Daria Gender Flip From Not So Different JTL Version
54. Turning To Account
'You owe me hugely for making me miss the biggest football game of the year', Jane said to Sonny.
'You hate football.'
'Hey! Don't try any of your twisty-turny mind games on me, Morgendorffer.'
Stacy seemed nervous as she followed the two. "Why are we here again?"
They were taking another look at the announcement on the bulletin board before going in to the auditorium for the meeting: the school review meeting which Ms Li had called for Super Bowl Sunday. At that, 'called' was an overstatement: Li's announcement over the public address system, asking students to tell their parents about the meeting, had been barely over the threshold of audibility. Admittedly, her explanation for not distributing a written invitation had some plausibility: the school had been genuinely running short of many things, not just paper.
Defoe had run out of red paint and hadn't been able to afford more.
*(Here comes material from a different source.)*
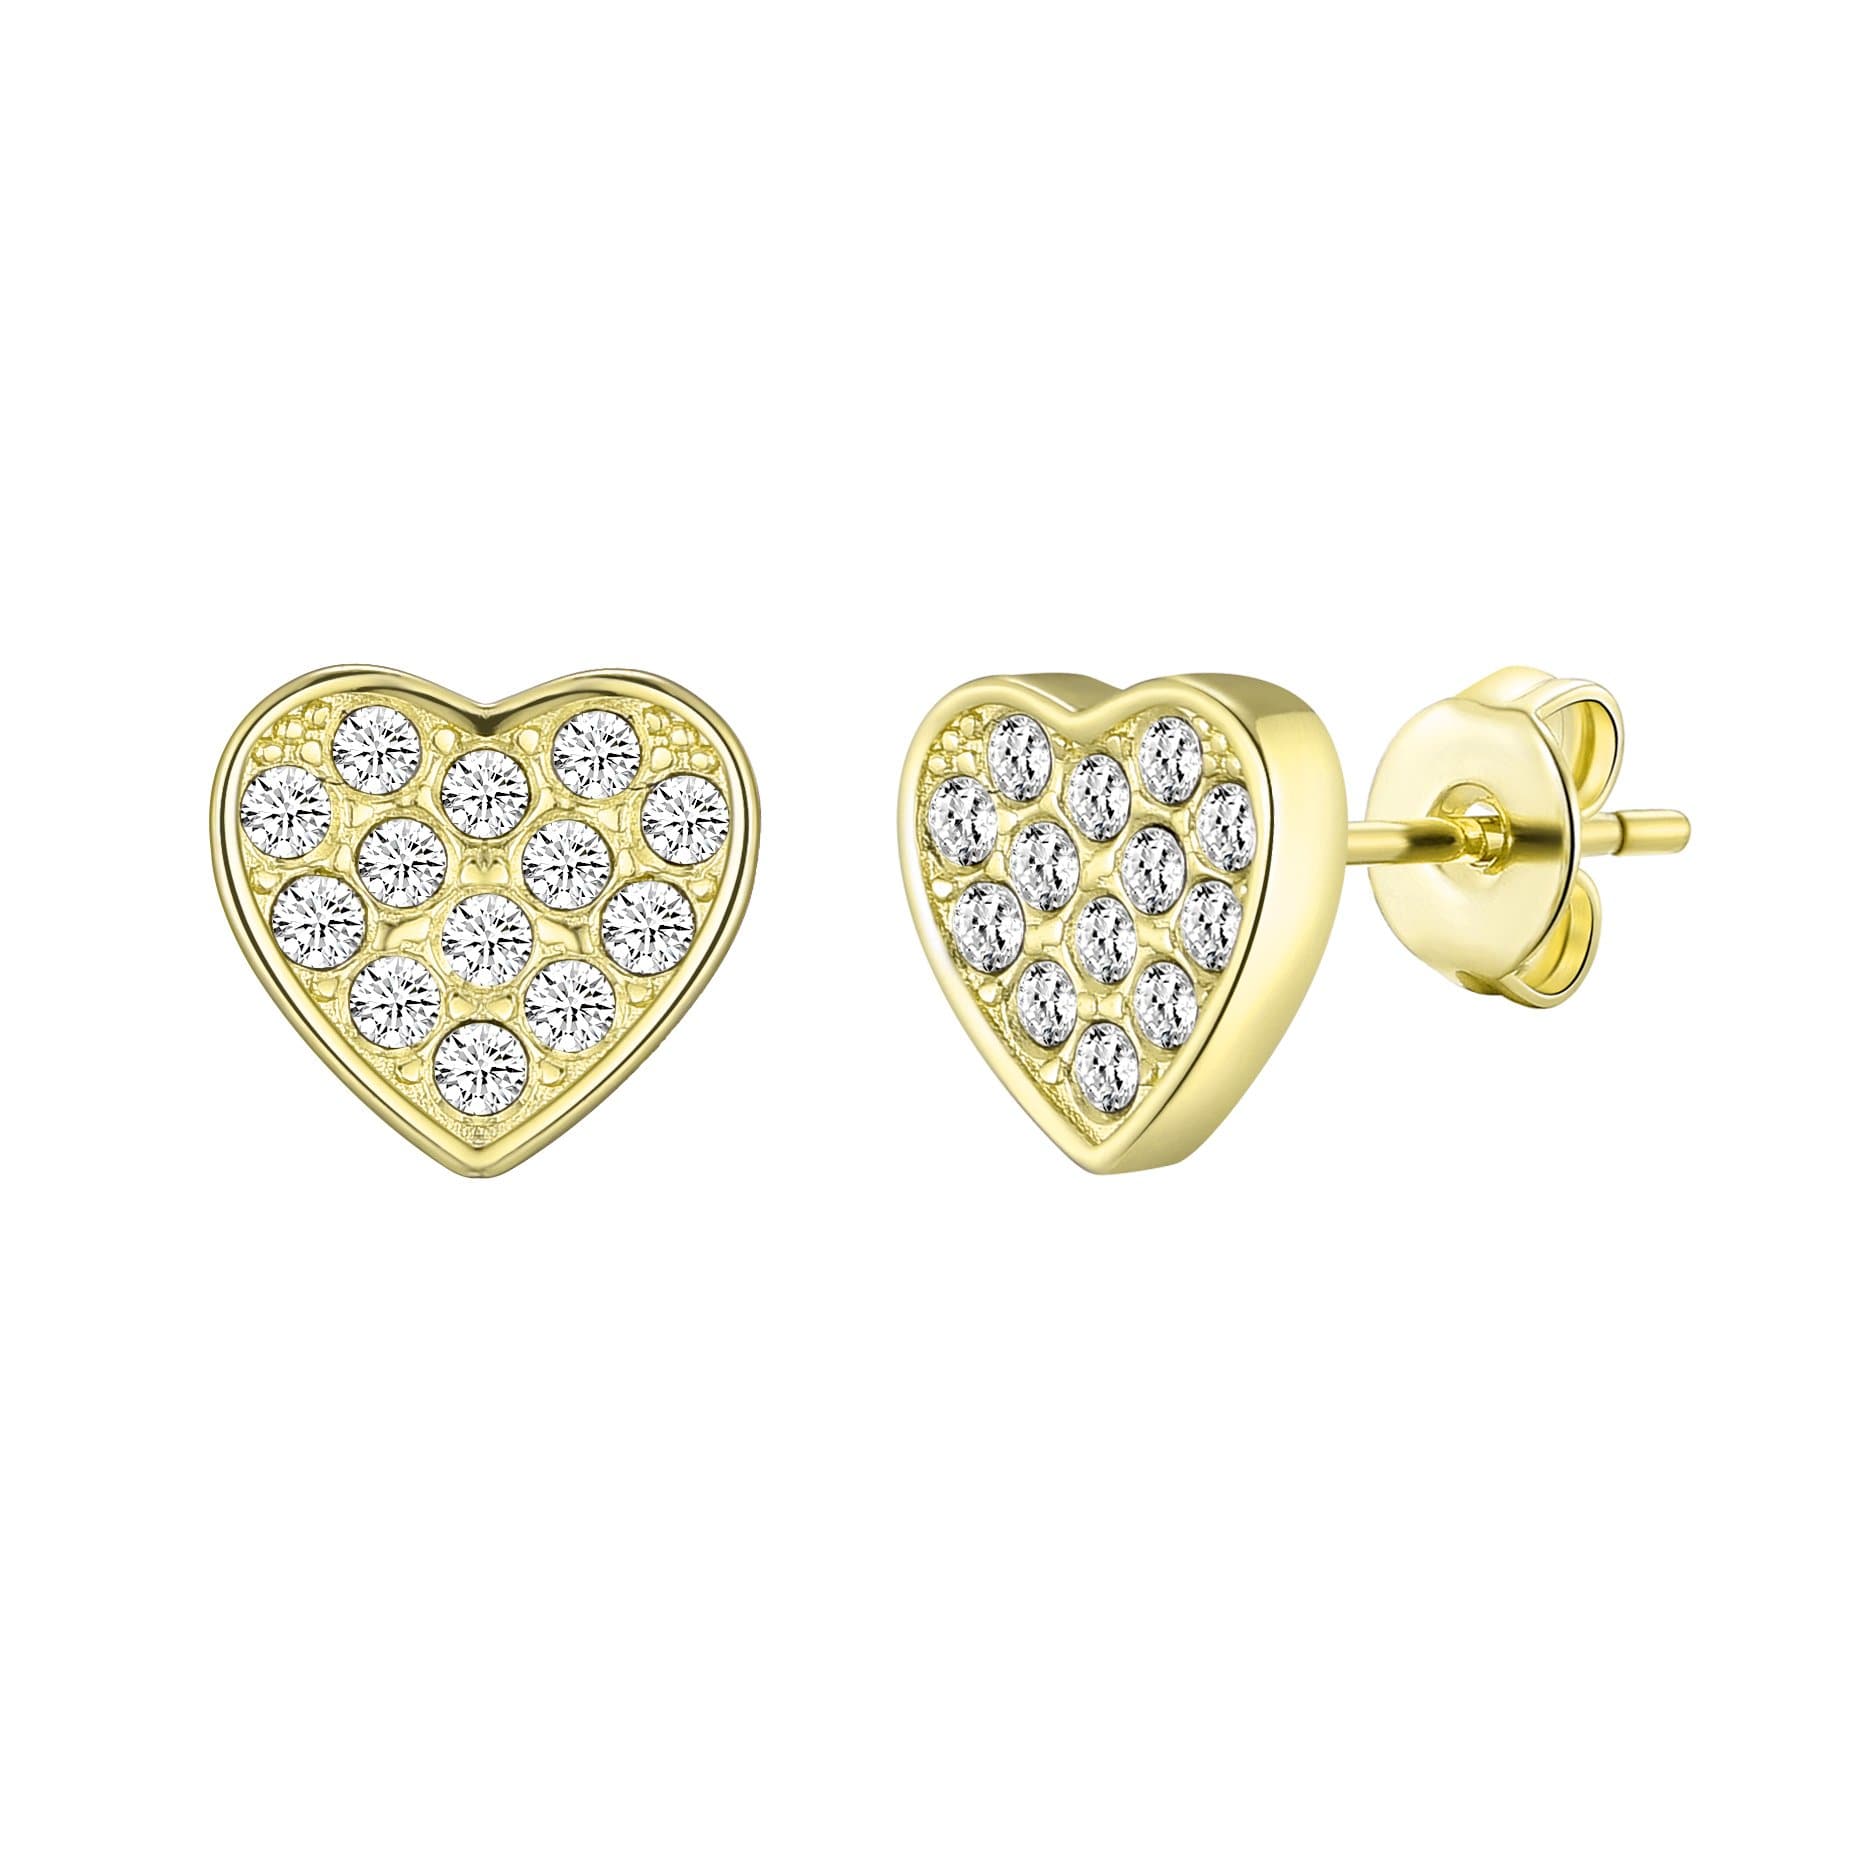 Gold Plated Pave Heart Earrings Created with Zircondia® Crystals by Philip Jones Jewellery

Onepu had grieved bitterly, and at length, about the deprivation for her students represented by the cancellation, for lack of funds, of their excursion to the planetarium. DeMartino had been trying to teach about the war in Chechnya with a map so old that it didn't even show Chechnya. So far the only teacher who seemed happy about the situation was Mr O'Neill's replacement, Mr Taylor. (Kevin's brain had still not fully integrated the understanding that sharing a surname didn't have to mean he was related to Brittany, although the fact that the two stood at opposite extremes of humanoid diversity would have been a clue to any normal intellect.) Unable to afford real printed copies of the play he was teaching, Doctor Faustus, Taylor had instead distributed photocopies produced on the school's one ancient machine, and when several students had complained about their legibility, or lack of same, he had told them that they had all been mollycoddled long enough and that they needn't expect any weak-minded touchy-feely nonsense from him: it was about time they all toughened up and learned to cope with the real world.
Anyway, it might well be true that the principal couldn't afford to send letters to parents about the school review meeting. But that didn't explain why she'd made the announcement just after the bell rang, and in the softest possible voice. It also didn't explain why she had scheduled the meeting for a date which Sonny calculated to be a Sunday, engendering in him a suspicion which was inflamed further when Kevin and Brittany pointed out, what would not have occurred to him unaided, that the nominated date was, specifically, Super Bowl Sunday.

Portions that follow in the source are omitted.